HOW TO COMPLETE THIS TASK: Leaving out the images, repeat all the lines below exactly.

RECORDED INFORMATION:

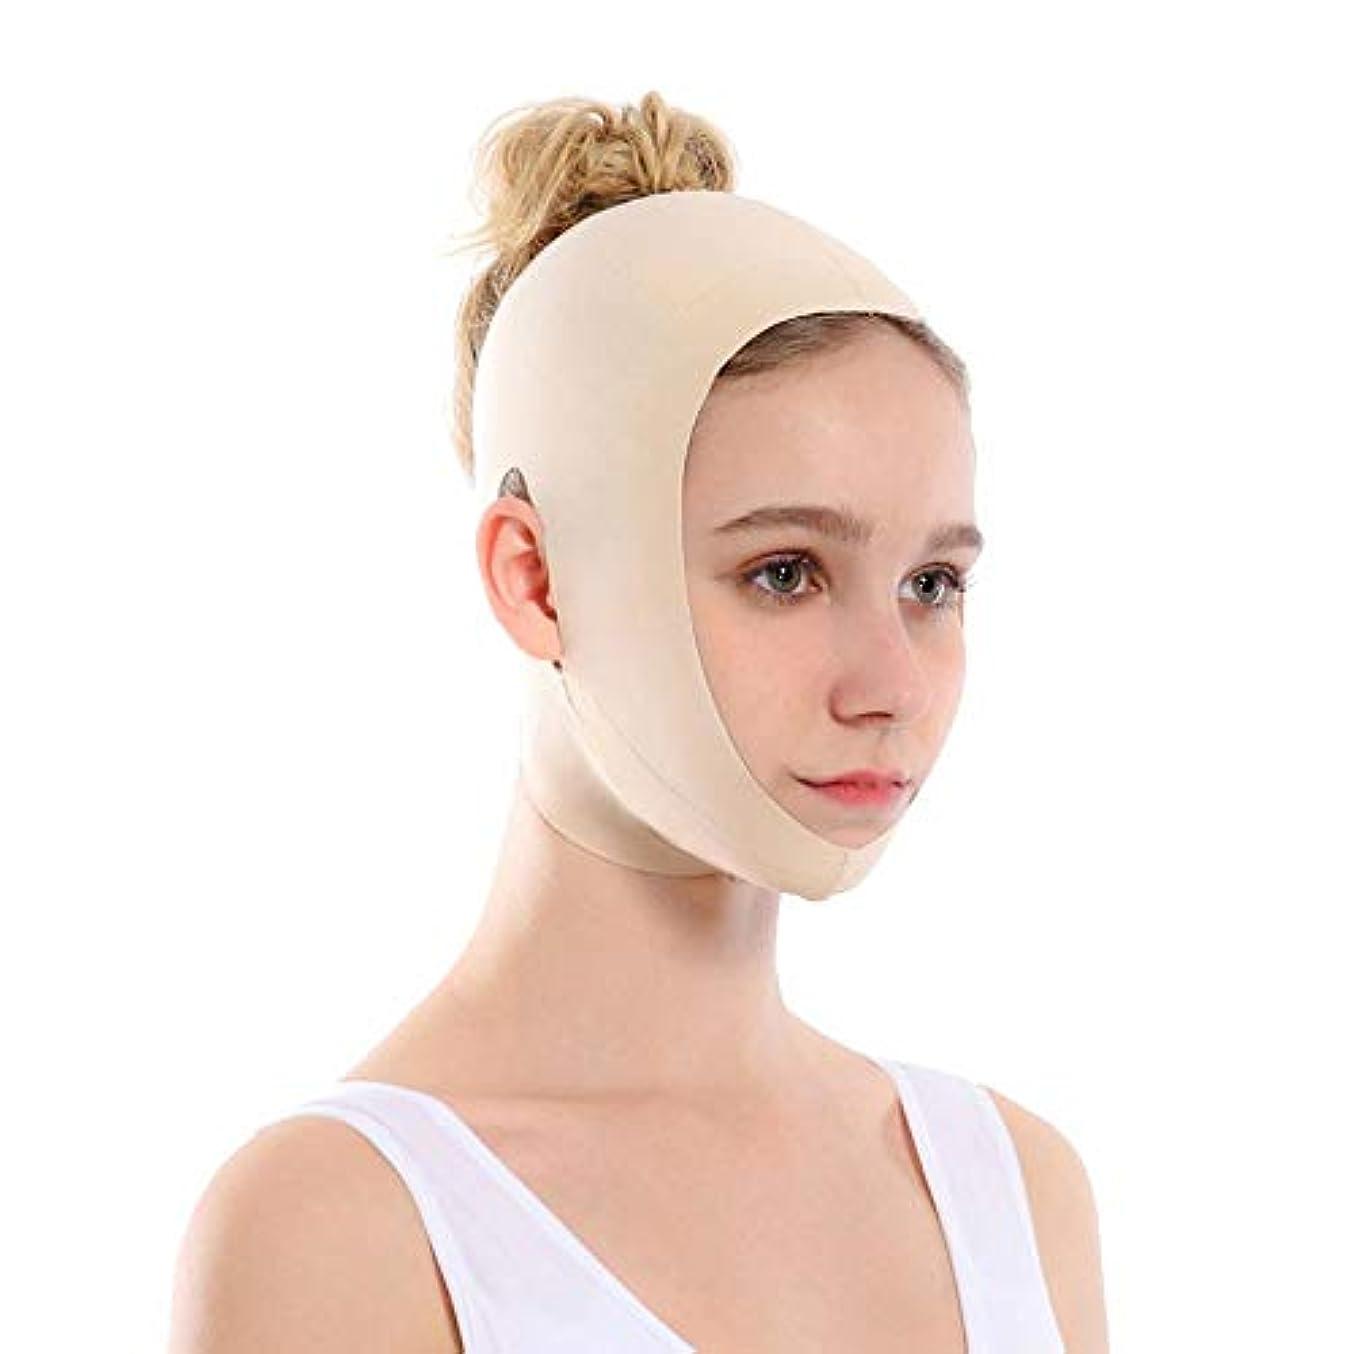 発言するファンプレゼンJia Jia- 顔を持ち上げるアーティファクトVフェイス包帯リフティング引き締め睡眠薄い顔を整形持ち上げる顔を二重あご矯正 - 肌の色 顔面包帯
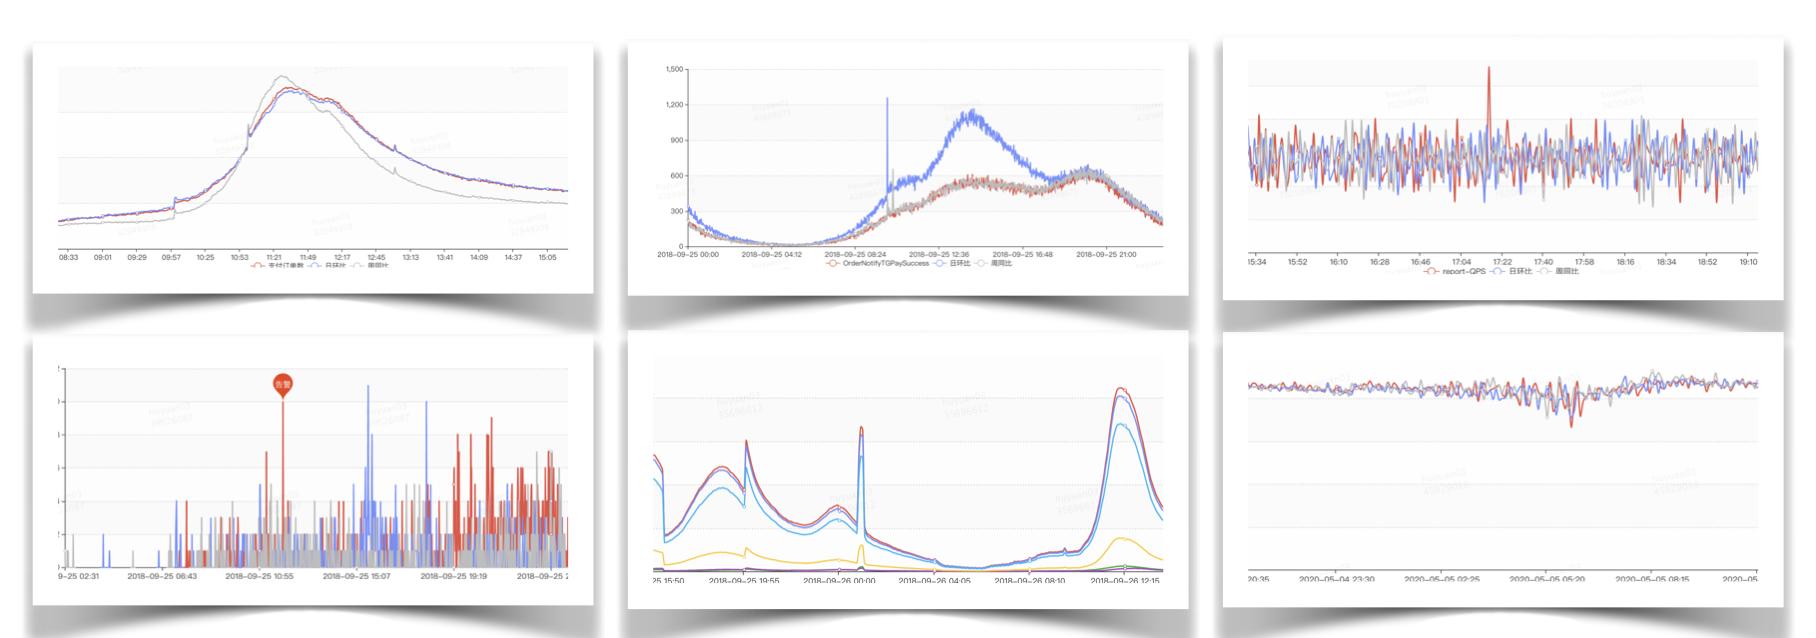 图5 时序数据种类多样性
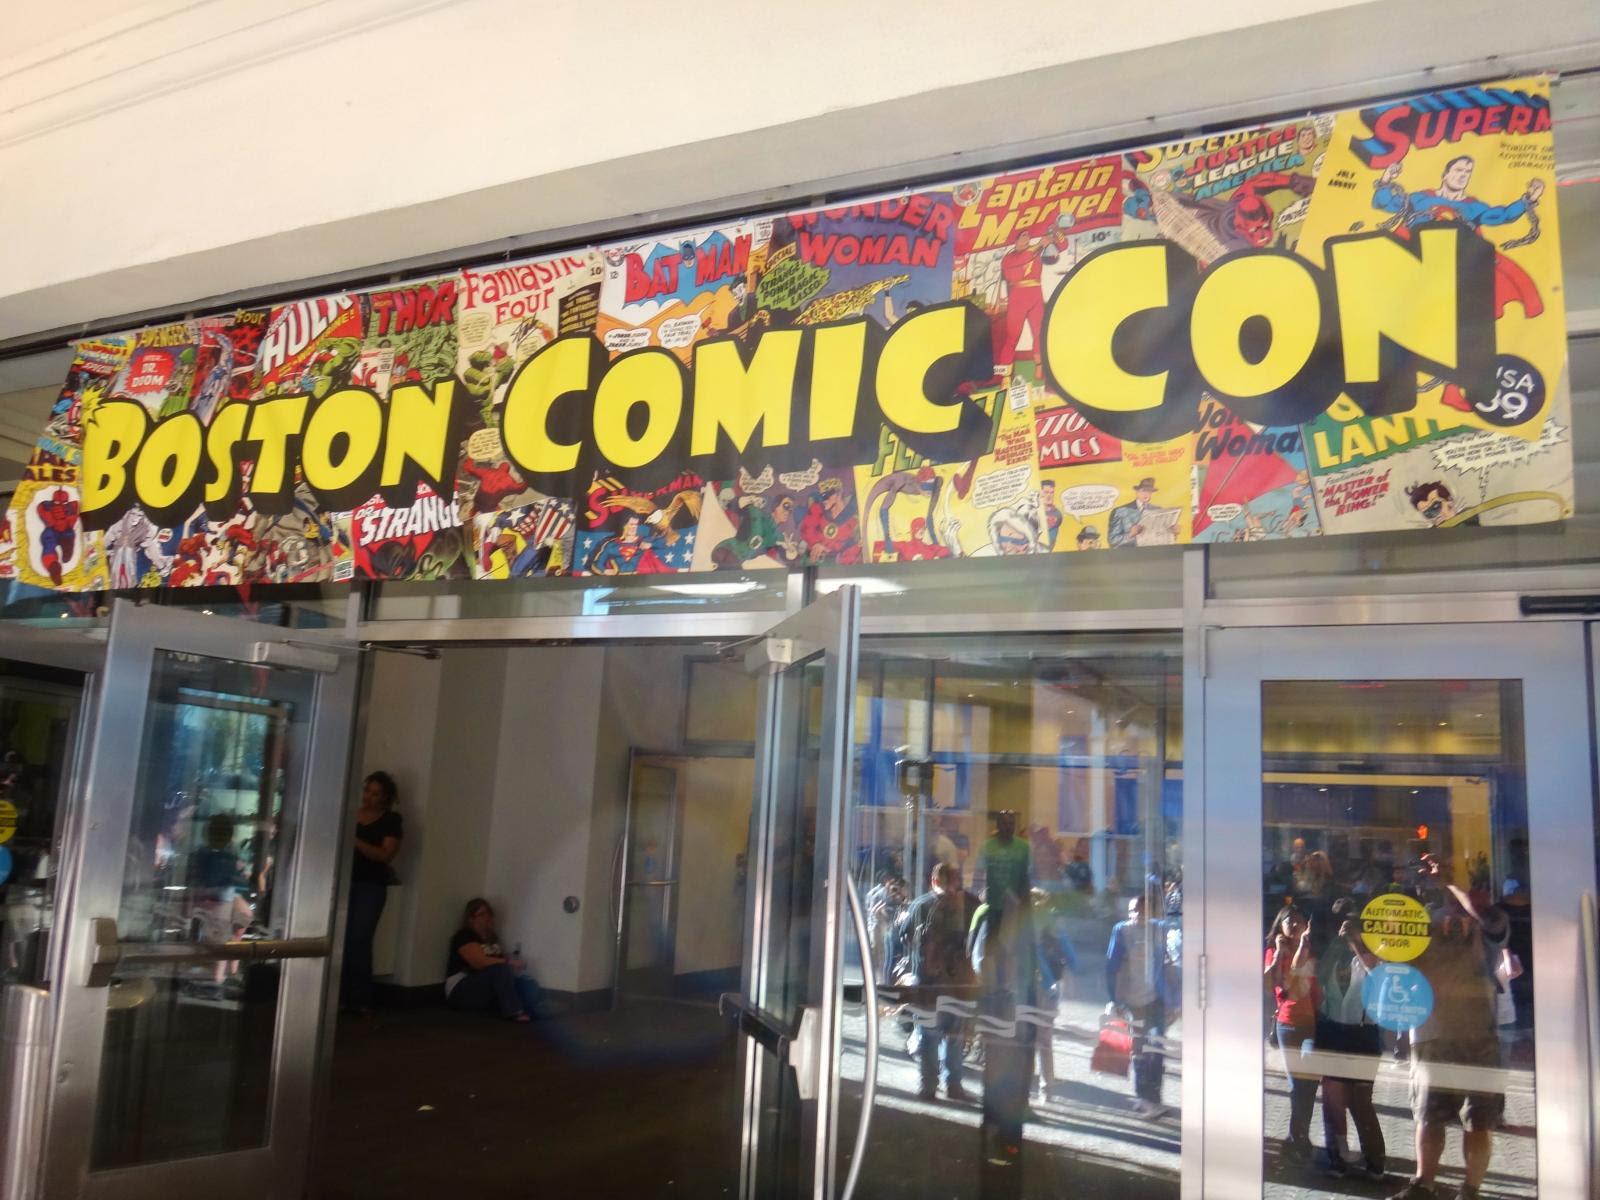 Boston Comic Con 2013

RESPONSE AREA:
 発言するファンプレゼンJia Jia- 顔を持ち上げるアーティファクトVフェイス包帯リフティング引き締め睡眠薄い顔を整形持ち上げる顔を二重あご矯正 - 肌の色 顔面包帯
 图5 时序数据种类多样性
 Boston Comic Con 2013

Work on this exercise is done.